**Collected data**.
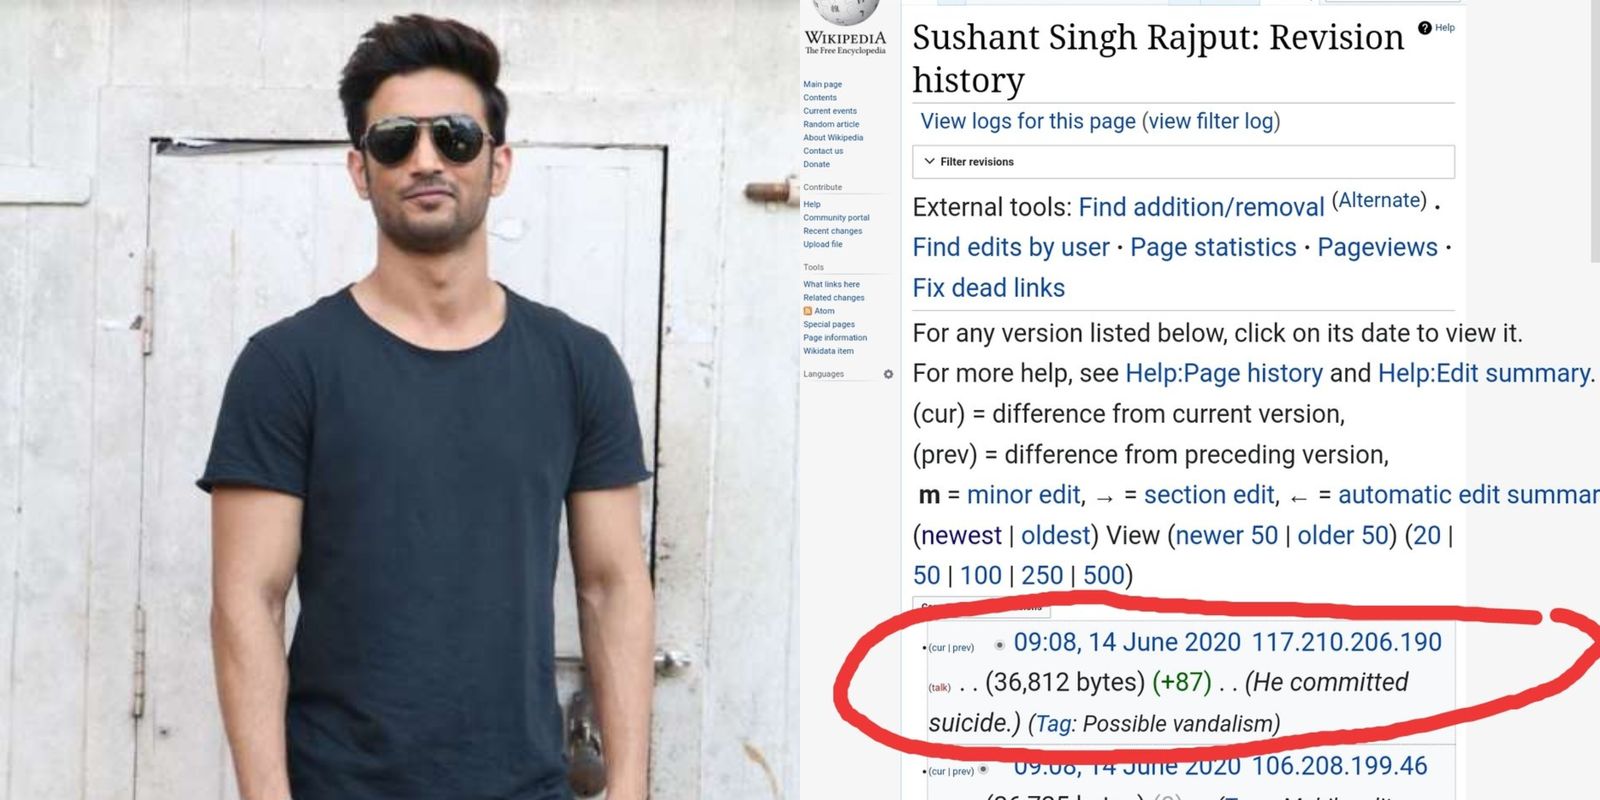 Was Sushant Singh Rajput's Wikipedia Page Updated Before His Death As Claimed By His Fans? The New Theory Goes Viral
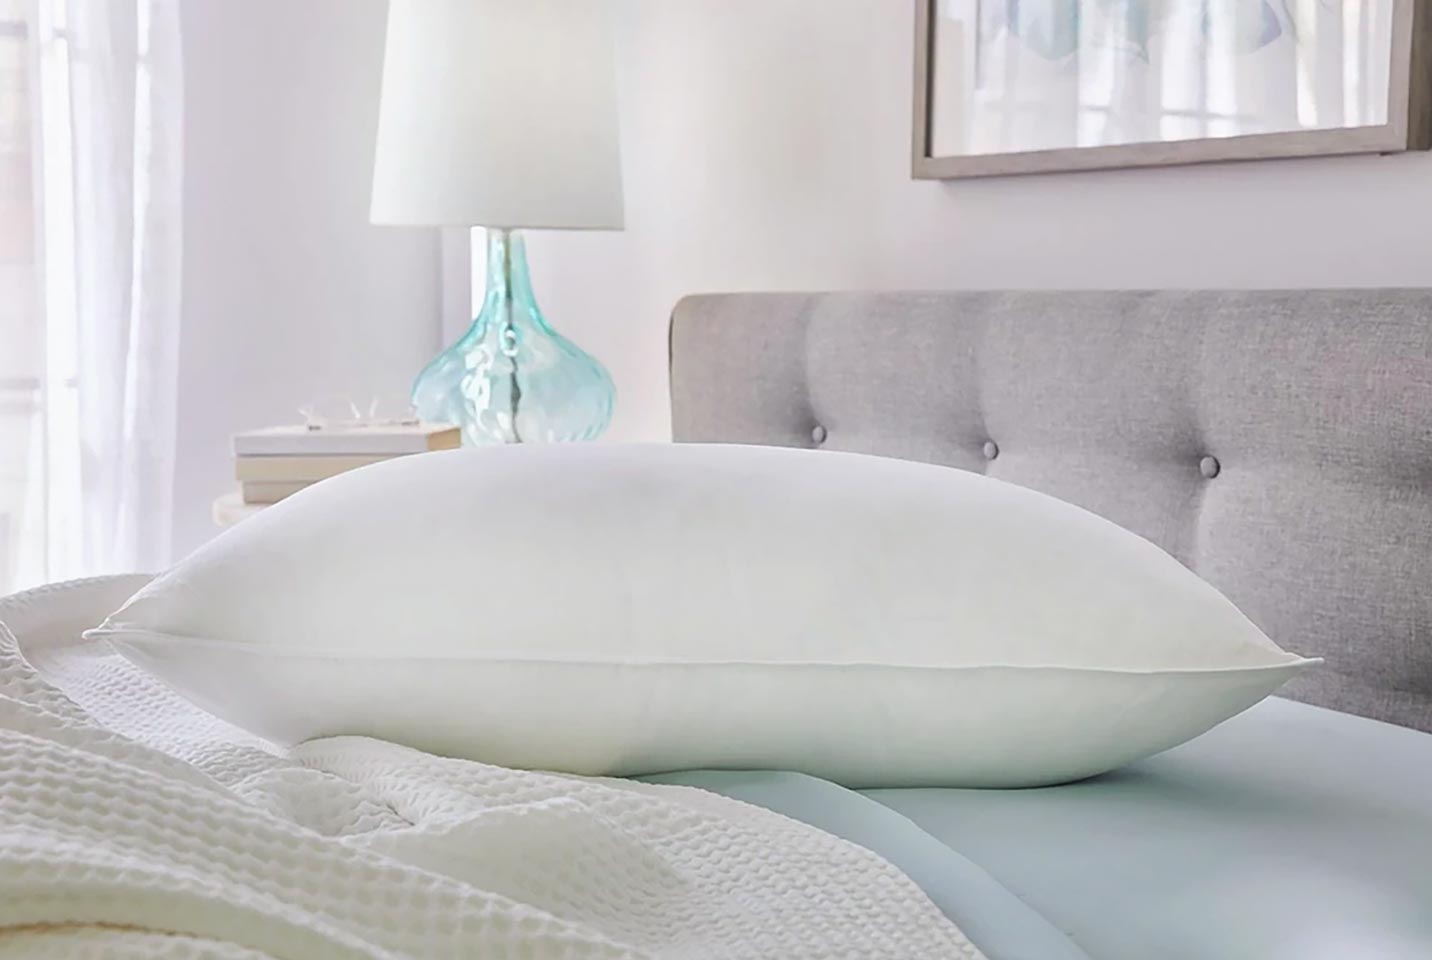 Feather & Down Pillow  Shop Exclusive EDITION Pillows, Bedding Sets,  Throws, and More
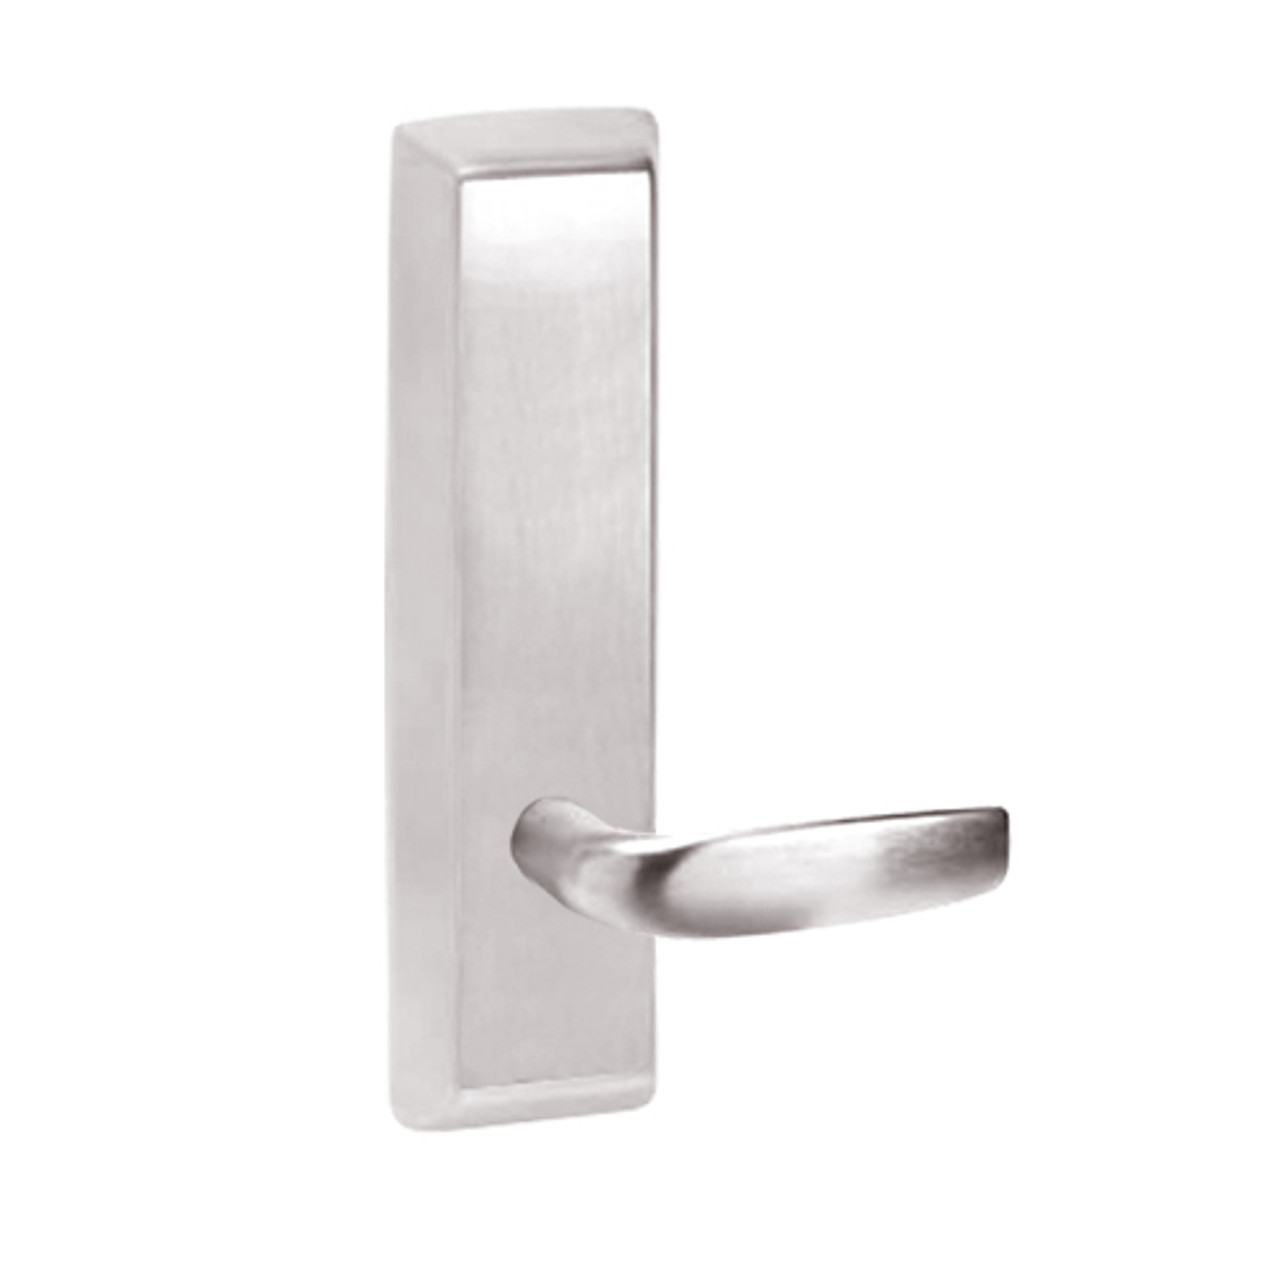 C910-629-RHR Corbin ED5000 Series Exit Device Trim with Passage Citation Lever in Bright Stainless Steel Finish
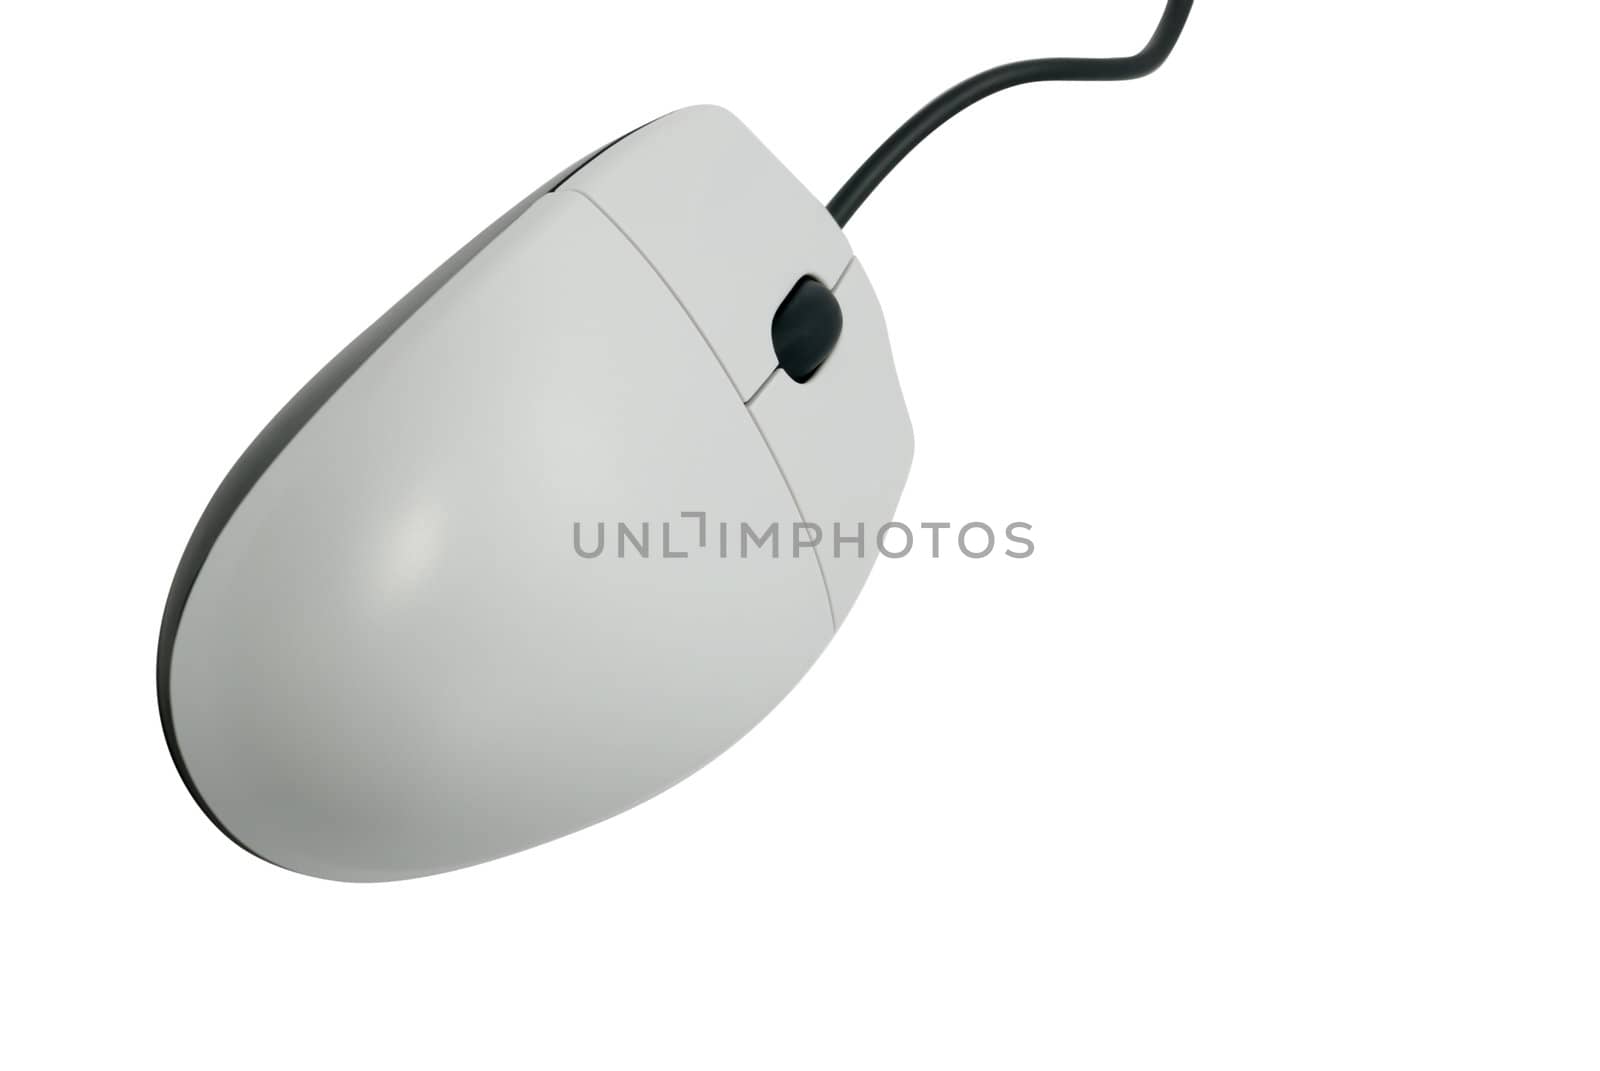 The computer mouse. The manipulator for management of the cursor on a computer

**Your objective**.
Where an image appears in the data, skip it, and return the rest verbatim.

**Answer space**.
 Was Sushant Singh Rajput's Wikipedia Page Updated Before His Death As Claimed By His Fans? The New Theory Goes Viral
 Feather & Down Pillow  Shop Exclusive EDITION Pillows, Bedding Sets,  Throws, and More
 C910-629-RHR Corbin ED5000 Series Exit Device Trim with Passage Citation Lever in Bright Stainless Steel Finish
 The computer mouse. The manipulator for management of the cursor on a computer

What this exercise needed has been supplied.